Jumlah penderita obesitas meningkat secara signifikan dalam beberapa dekade terakhir, yang memunculkan kesulitan beraktivitas bagi mereka yang mengalaminya. World Health Organization (WHO) menyebut, pada 2022 sebanyak 2,5 miliar orang dewasa—berusia 18 thaun ke atas—mengalami kelebihan berat badan. Dari jumlah itu, 890 juta orang mengalami obesitas. Jumlah ini setara dengan 43% orang dewasa berusia 18 tahun ke atas—43% pria dan 44% perempuan—yang mengalami kelebihan berat badan.
Jumlah itu meningkat dari tahun 1990, di mana 25% orang dewasa berusia 18 tahun ke atas mengalami kelebihan berat badan.
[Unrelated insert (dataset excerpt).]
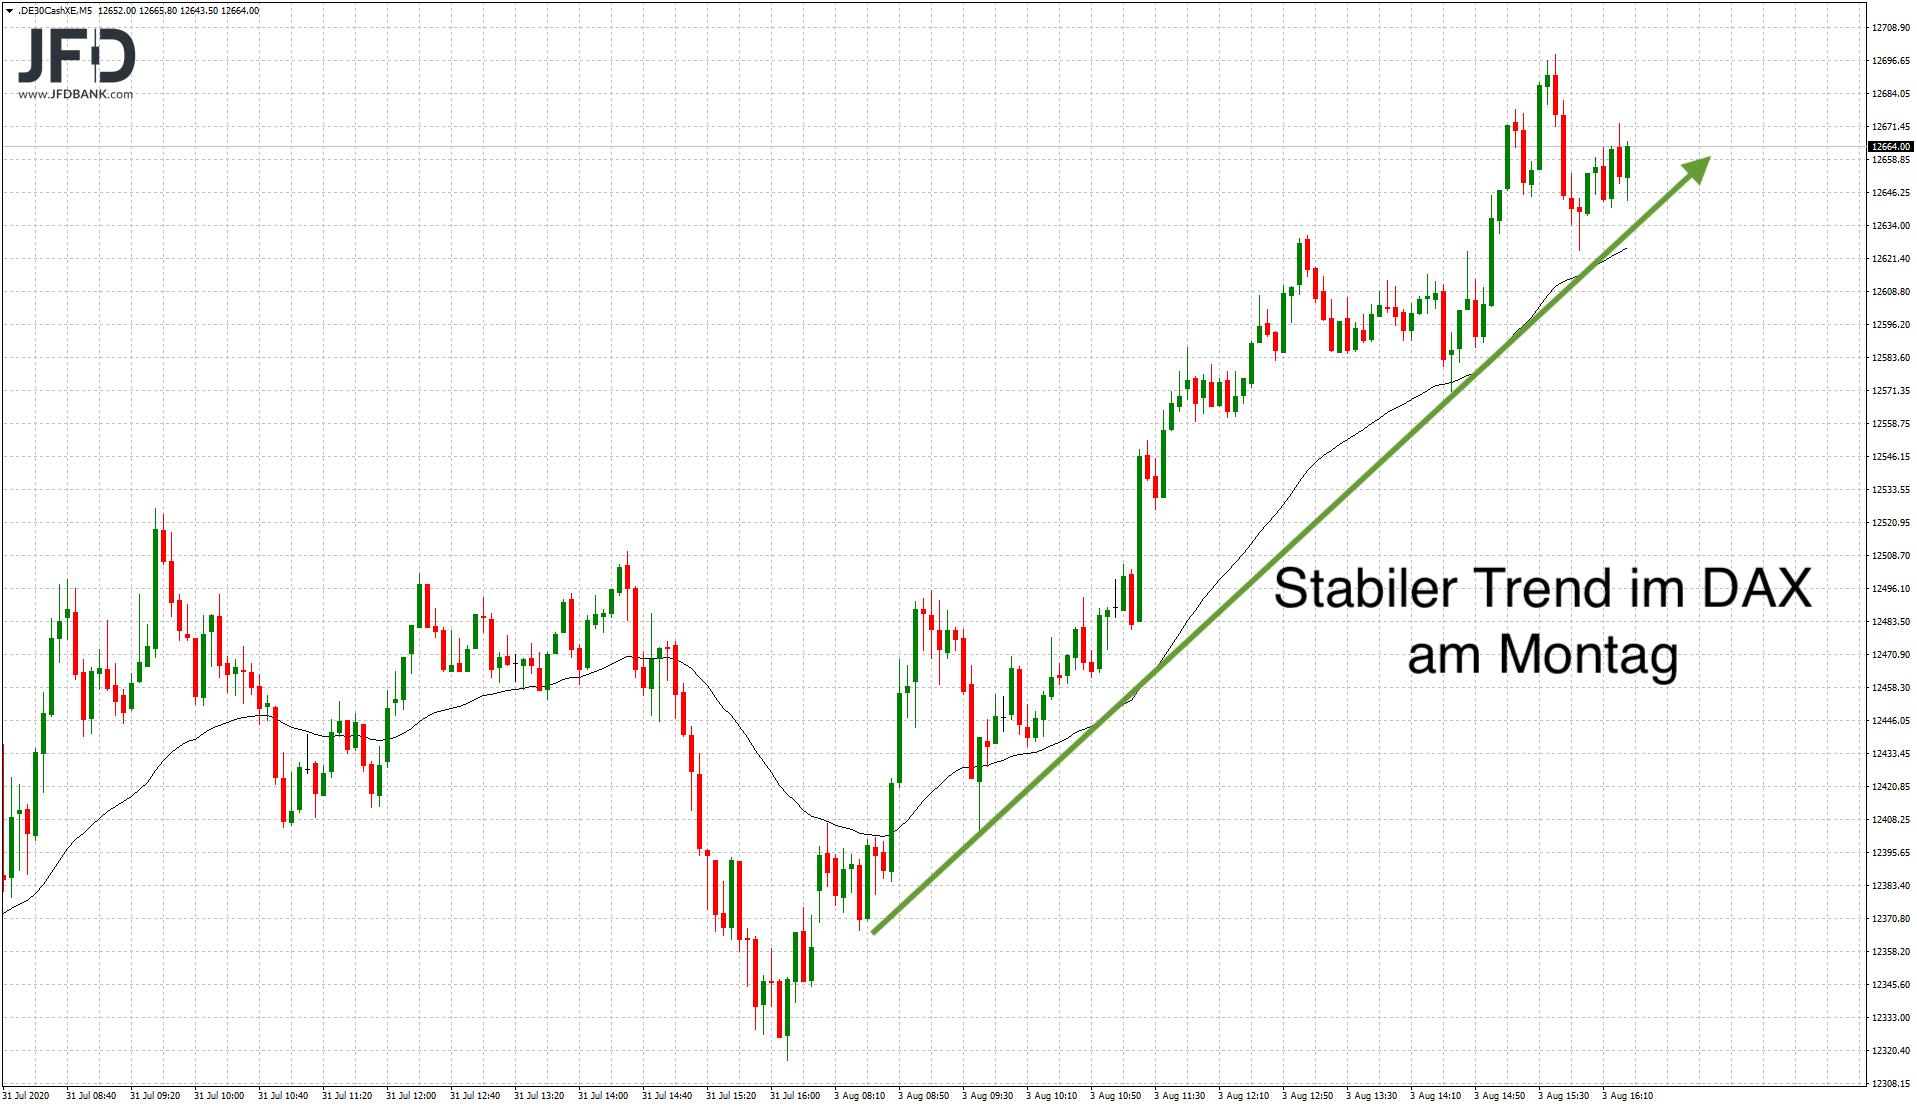 DAX-Trend zum Wochenstart

Prevalensi kelebihan berat badan bervariasi menutur wilayah. Ada 31% di wilayah Asia Tenggara dan Afrika, serta 67% di Amerika.
Di Indonesia, berdasarkan survei Kementerian Kesehatan (Kemenkes) pada 2023 ada 23,4% orang dewasa berusia 18 tahun ke atas yang mengalami obesitas. Perempuan berusia 40-44 tahun banyak mengalami obesitas, angkanya mencapai 41,7% pada 2023. Sedangkan angka obesitas pada laki-laki banyak terjadi di usia 45-49 tahun, dengan persentase 19,3%.
WHO menjelaskan, obesitas adalah penyakit kronis kompleks yang ditandai dengan timbunan lemak berlebihan, yang bisa mengganggu kesehatan. Obesitas bisa menyebabkan peningkatan risiko diabetes tipe 2 dan penyakit jantung, memengaruhi kesehatan tulang dan reproduksi, serta meningkatkan risiko kanker tertentu.
Sudah diketahui, obesitas terkait dengan pola makan yang buruk, seperti makan dengan porsi berlebihan, frekuensi makan sering dan tak teratur, serta terlalu banyak mengonsumsi makanan manis, berlemak, atau gorengan.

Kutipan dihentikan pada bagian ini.